Required action.
Write every line below out again exactly, images omitted.

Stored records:
>>>>>
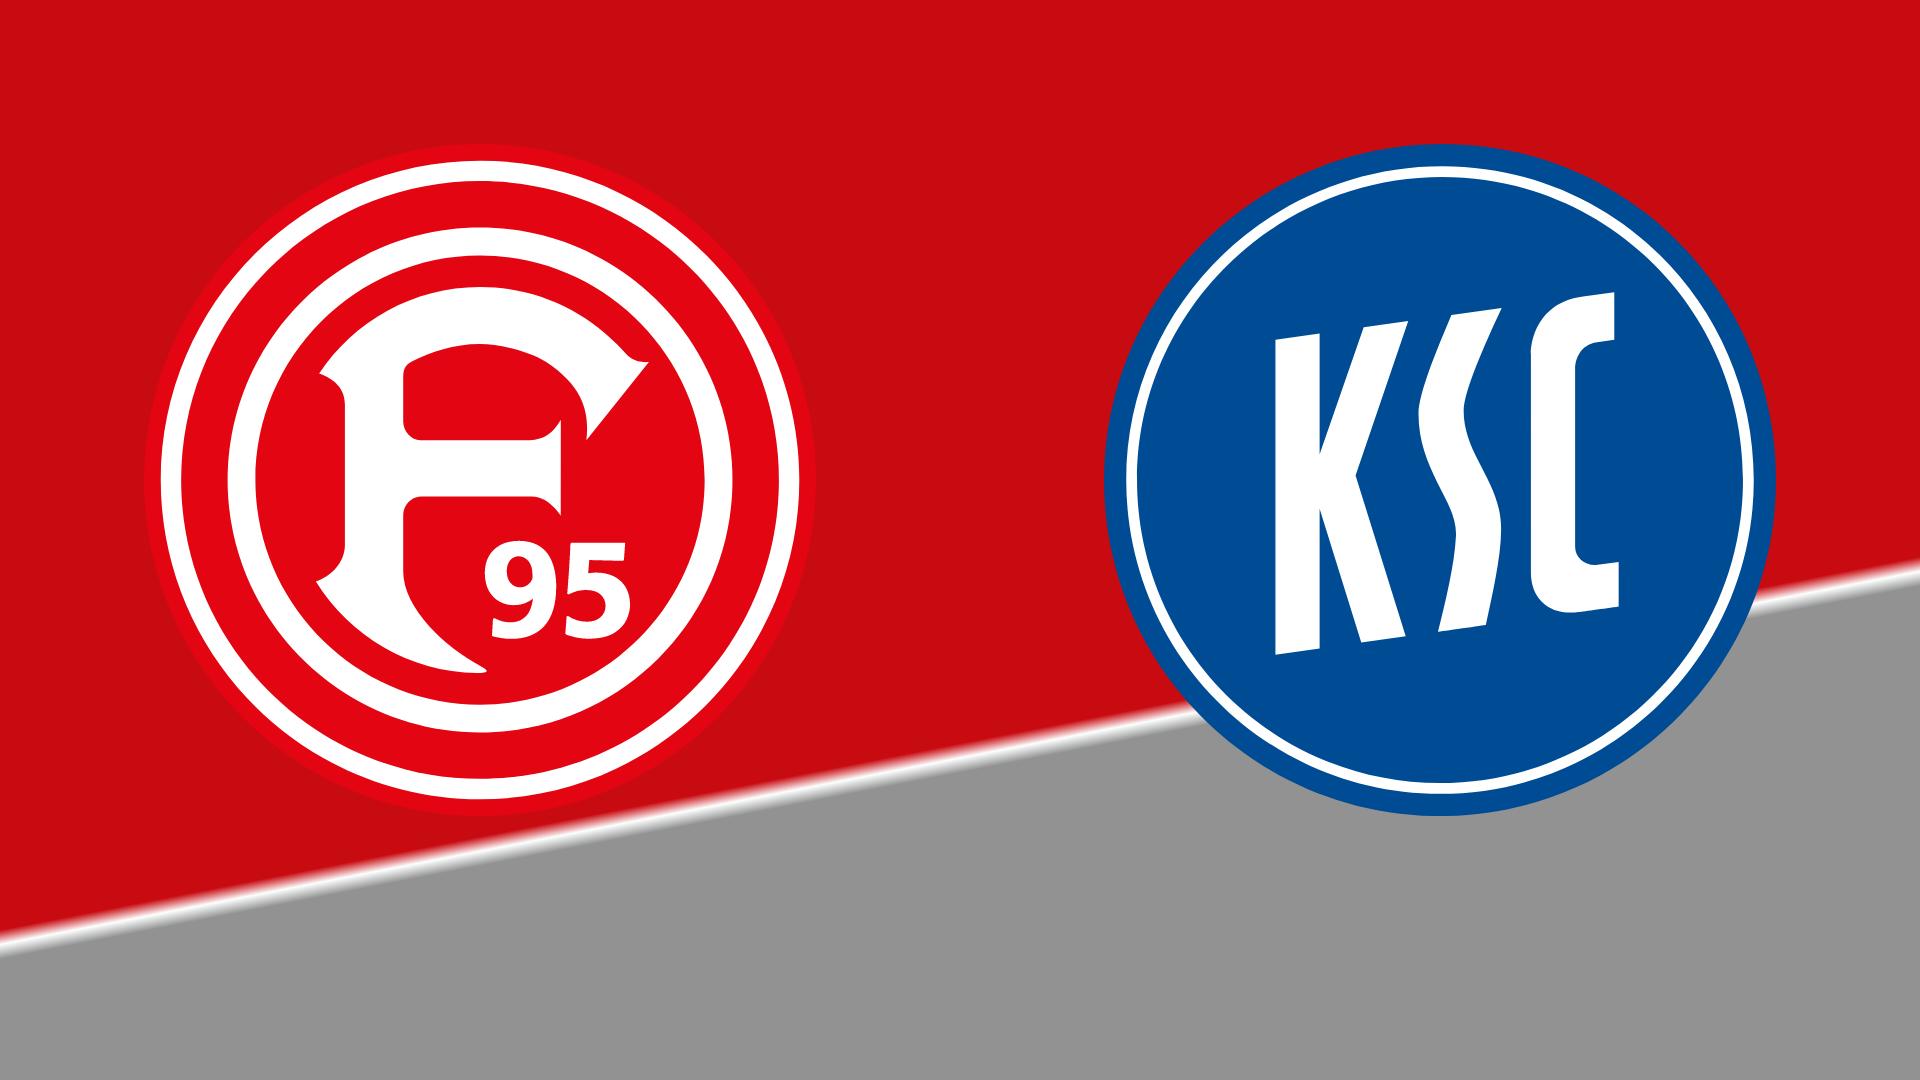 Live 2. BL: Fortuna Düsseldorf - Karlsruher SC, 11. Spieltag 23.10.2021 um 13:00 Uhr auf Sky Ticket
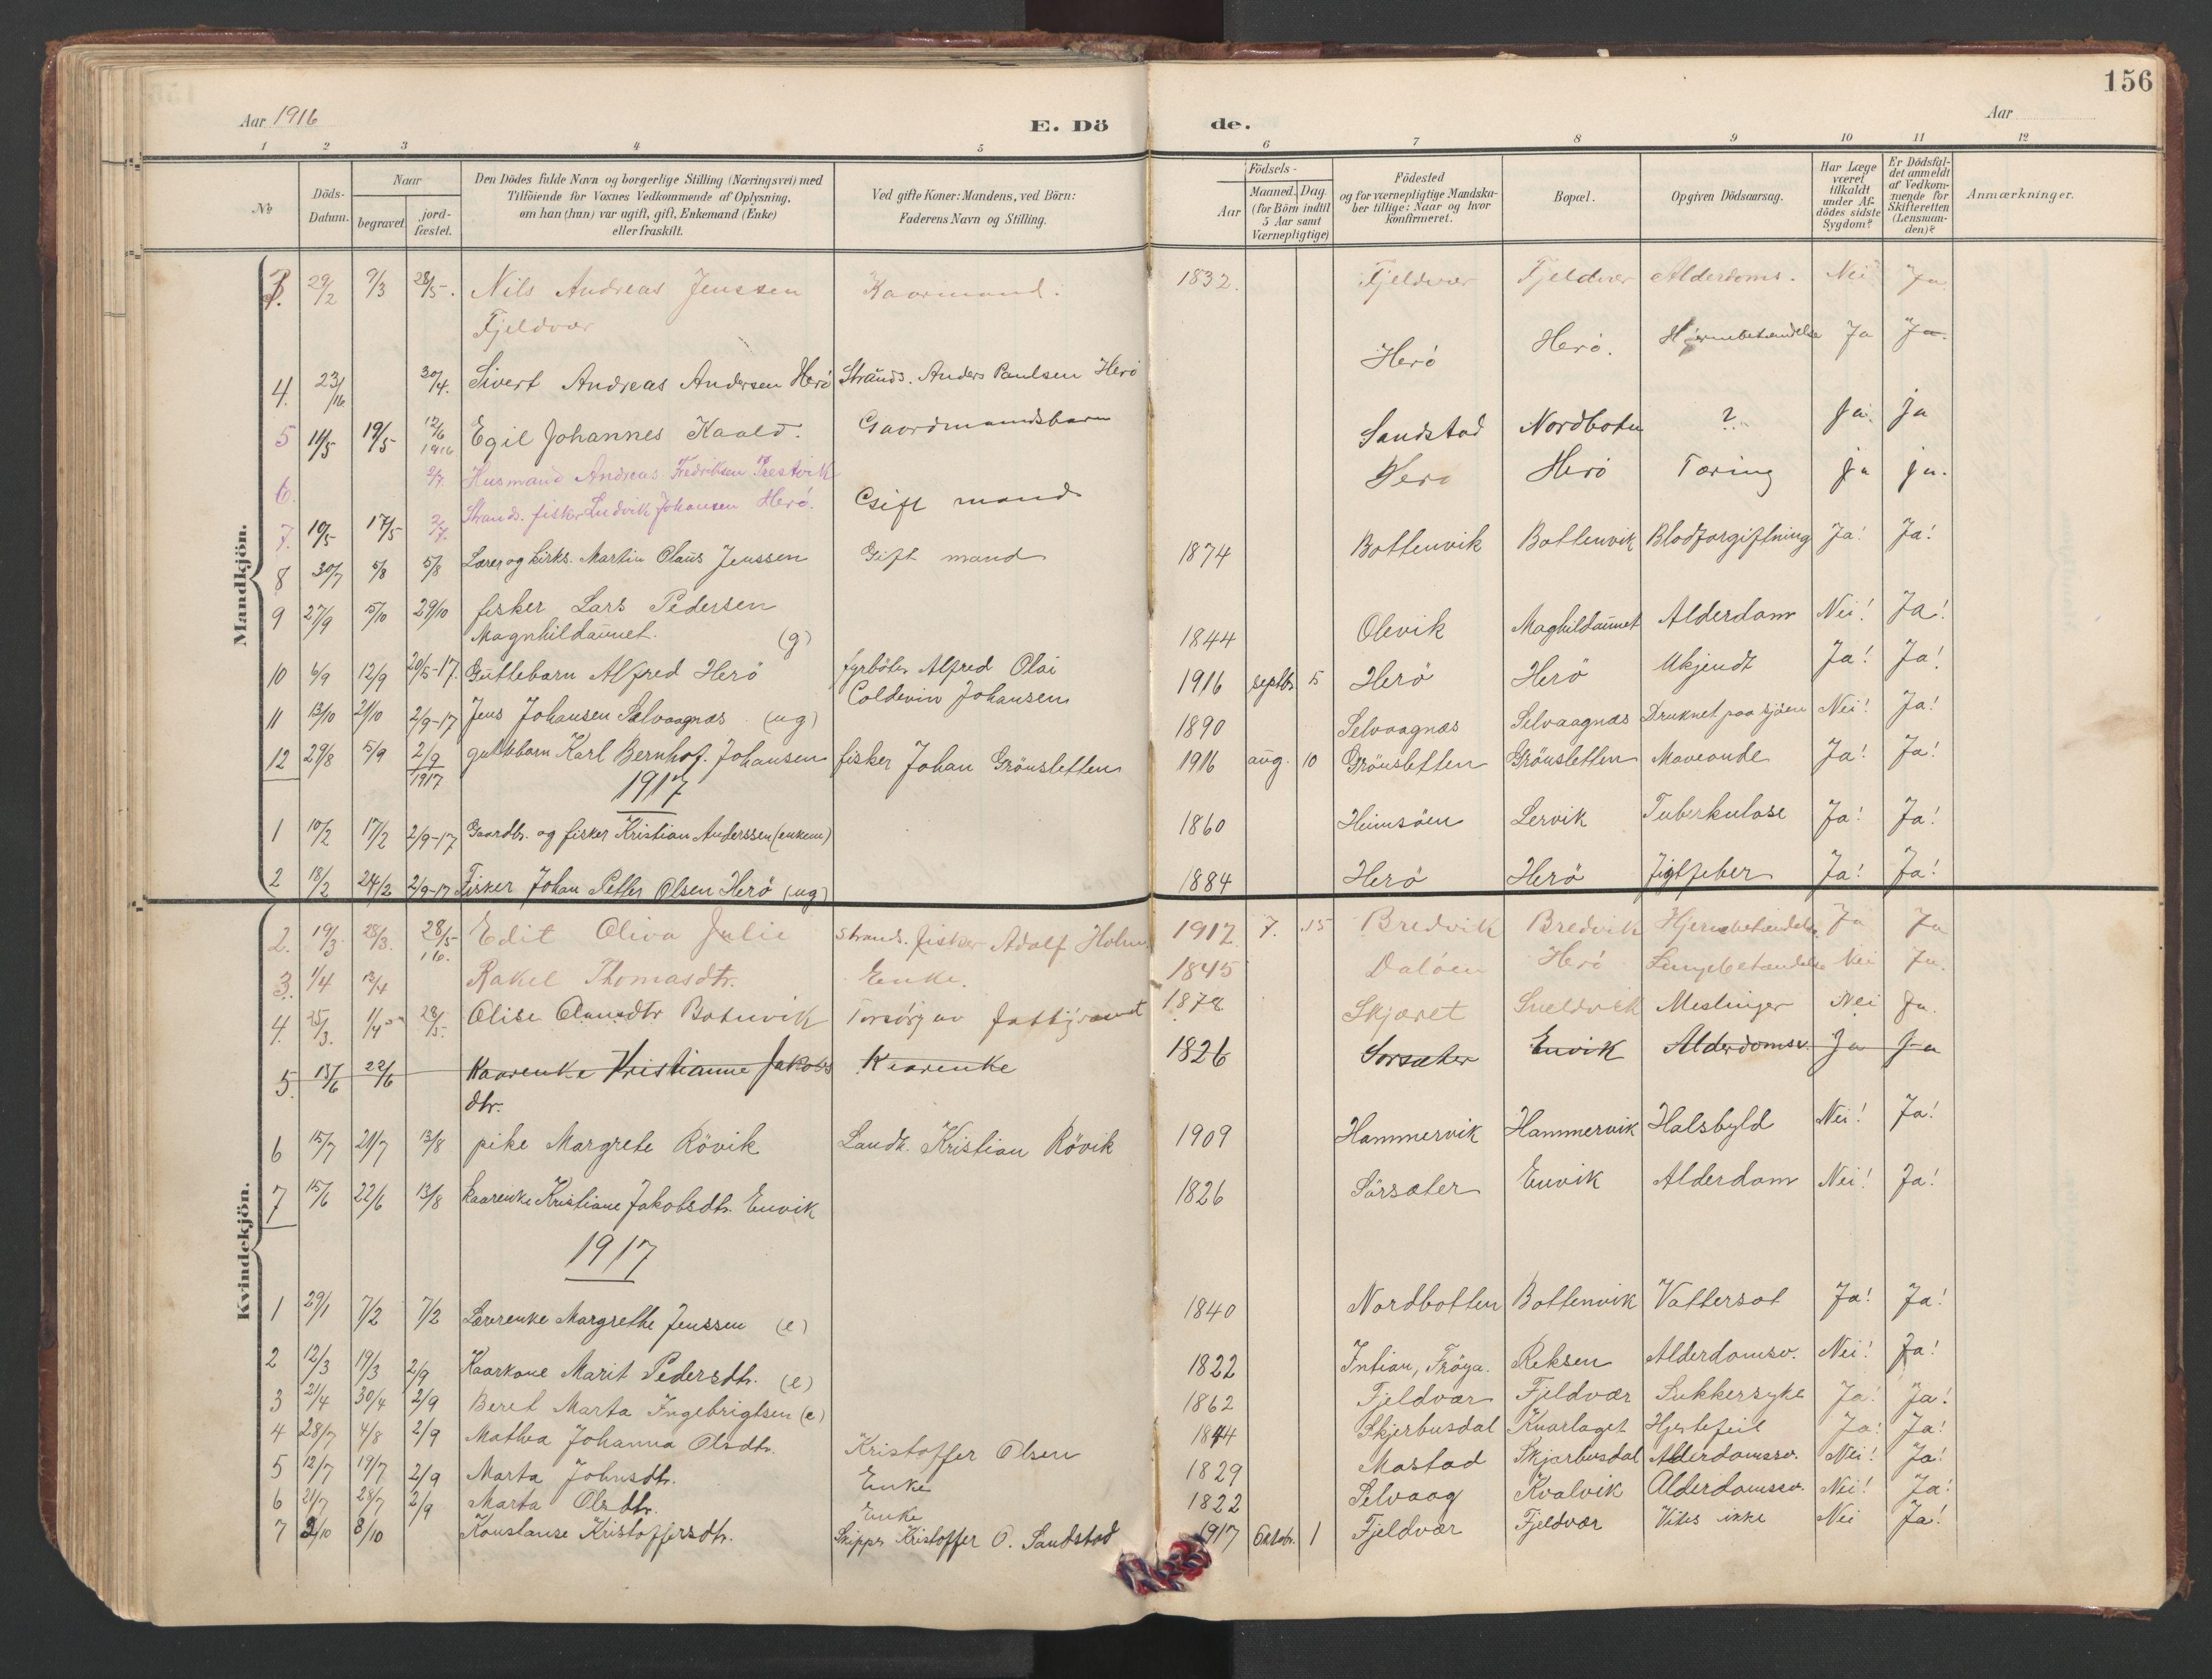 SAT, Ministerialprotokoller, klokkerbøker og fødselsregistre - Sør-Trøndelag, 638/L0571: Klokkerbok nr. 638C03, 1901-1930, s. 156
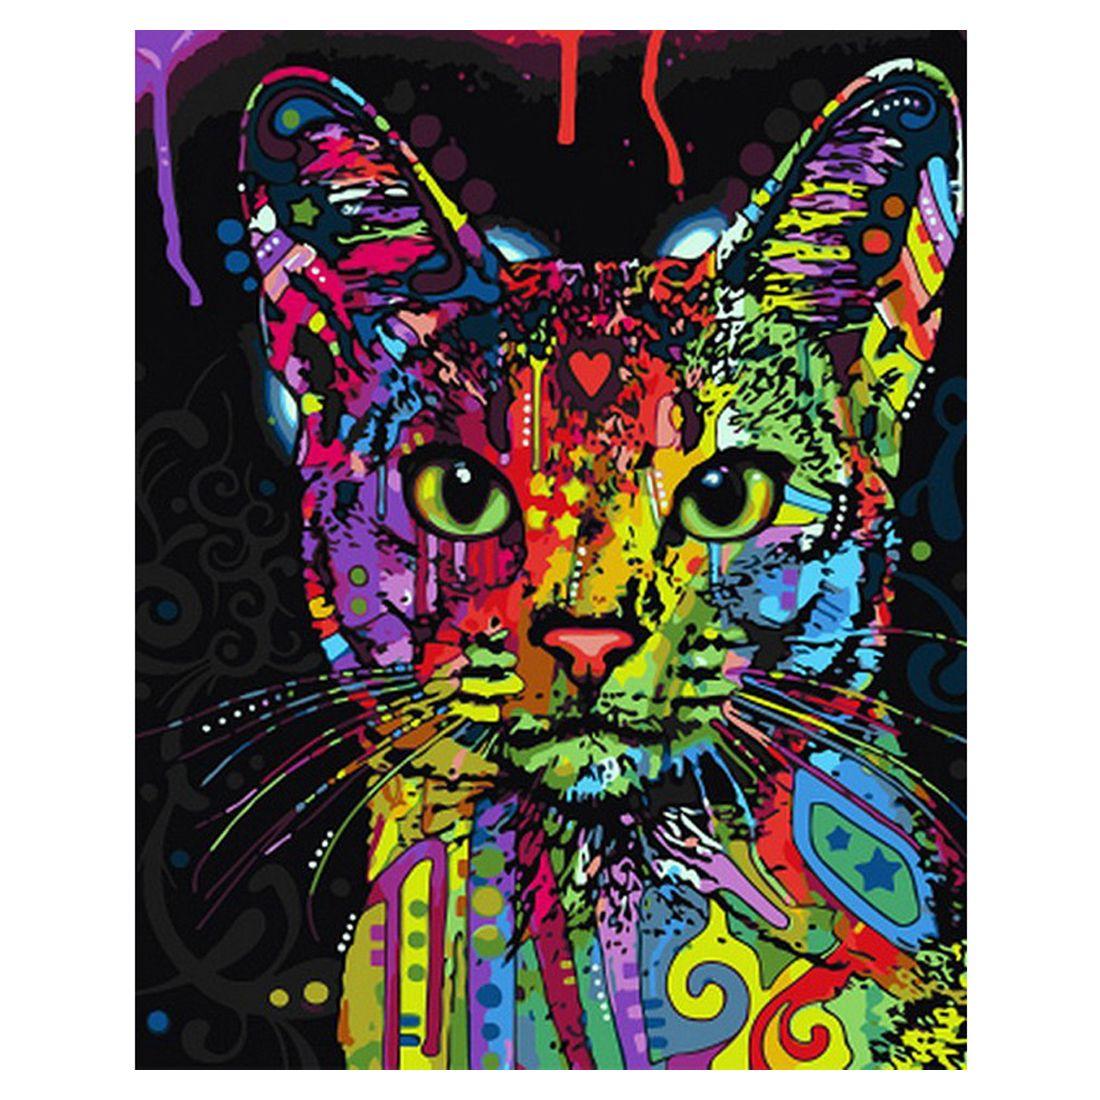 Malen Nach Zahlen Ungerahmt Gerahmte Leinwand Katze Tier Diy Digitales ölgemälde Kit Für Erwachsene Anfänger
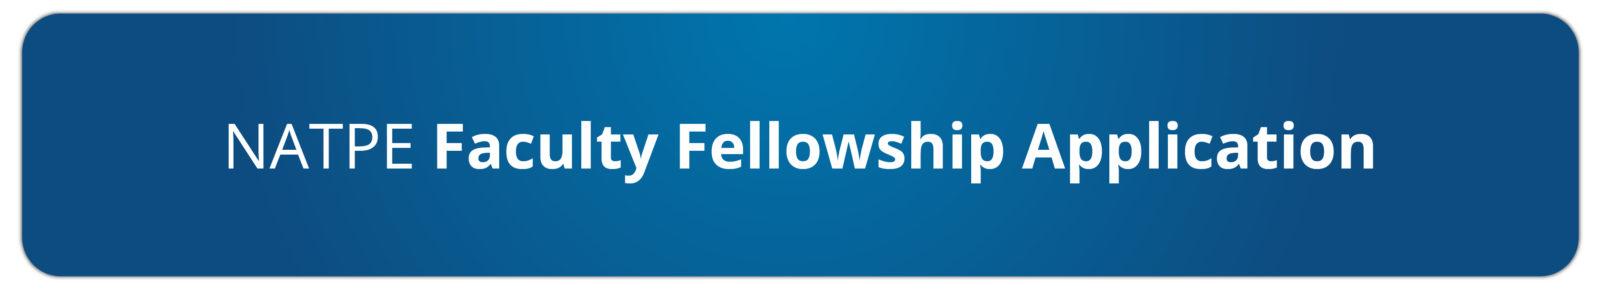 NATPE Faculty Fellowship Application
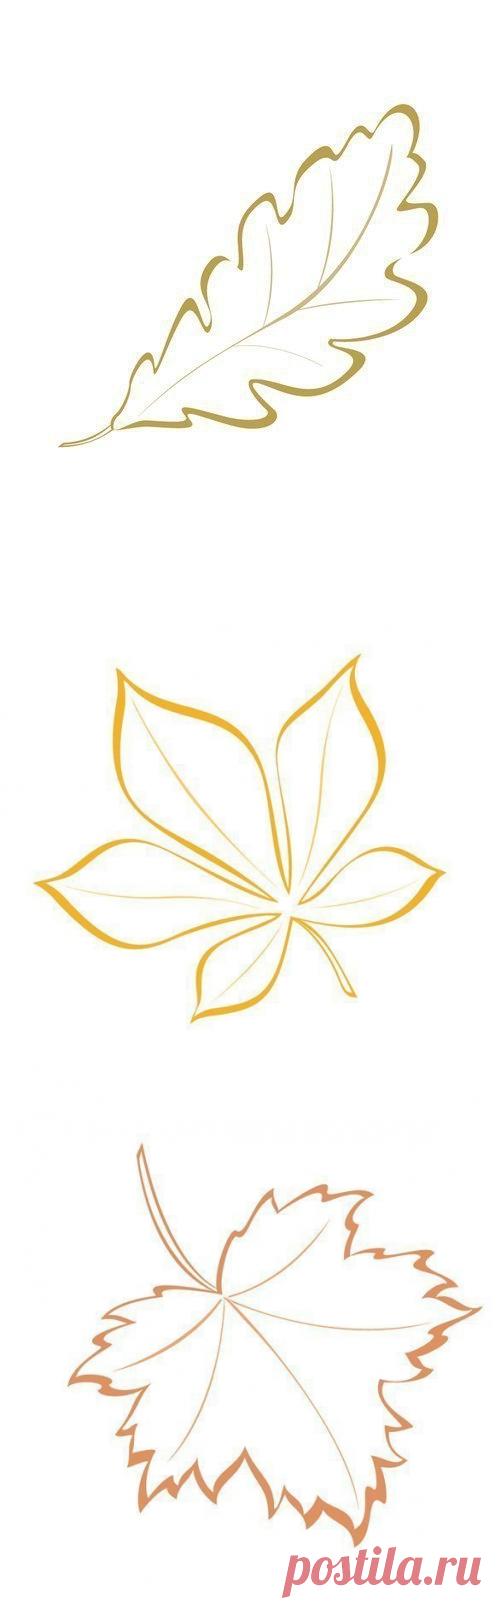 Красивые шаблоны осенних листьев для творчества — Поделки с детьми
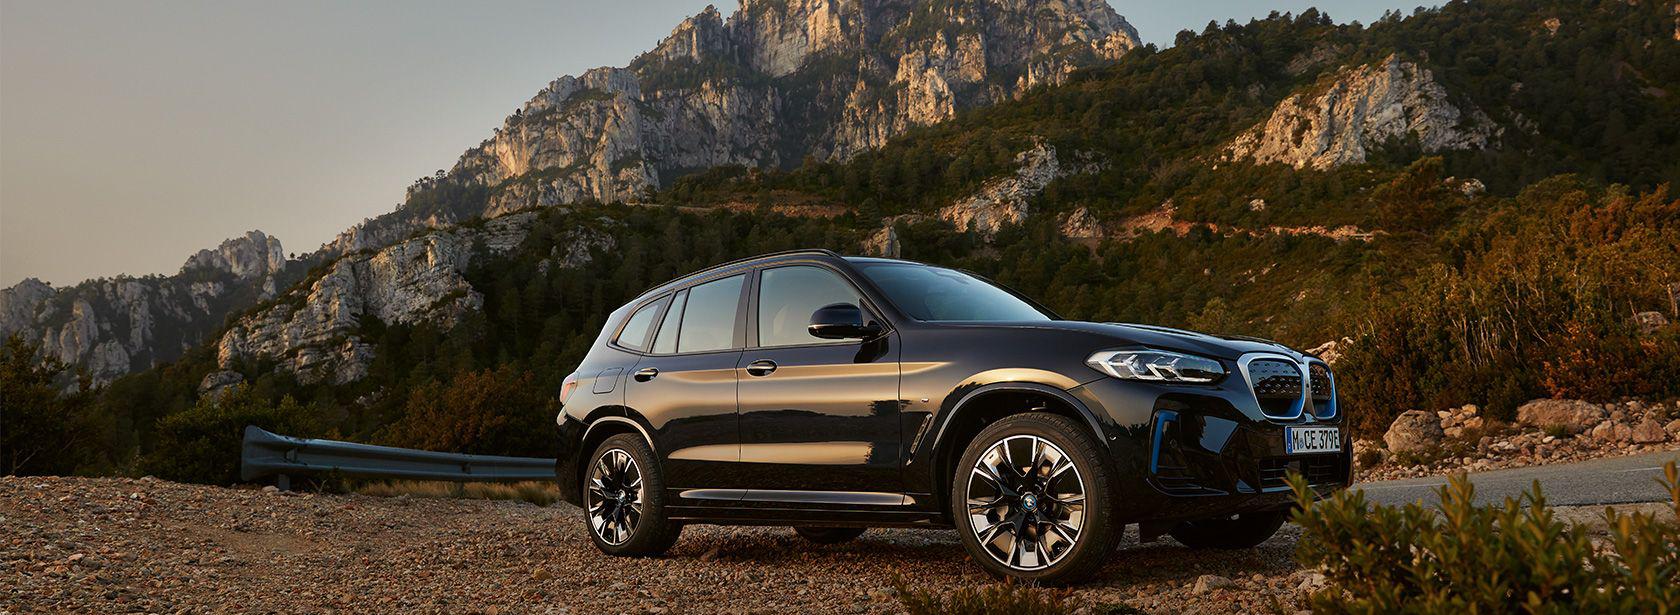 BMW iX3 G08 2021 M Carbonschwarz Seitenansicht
<<<<<
Solution to the problem.
 Live 2. BL: Fortuna Düsseldorf - Karlsruher SC, 11. Spieltag 23.10.2021 um 13:00 Uhr auf Sky Ticket
 SAT, Ministerialprotokoller, klokkerbøker og fødselsregistre - Sør-Trøndelag, 638/L0571: Klokkerbok nr. 638C03, 1901-1930, s. 156
 Malen Nach Zahlen Ungerahmt Gerahmte Leinwand Katze Tier Diy Digitales ölgemälde Kit Für Erwachsene Anfänger
 NATPE Faculty Fellowship Application
 Красивые шаблоны осенних листьев для творчества — Поделки с детьми
 BMW iX3 G08 2021 M Carbonschwarz Seitenansicht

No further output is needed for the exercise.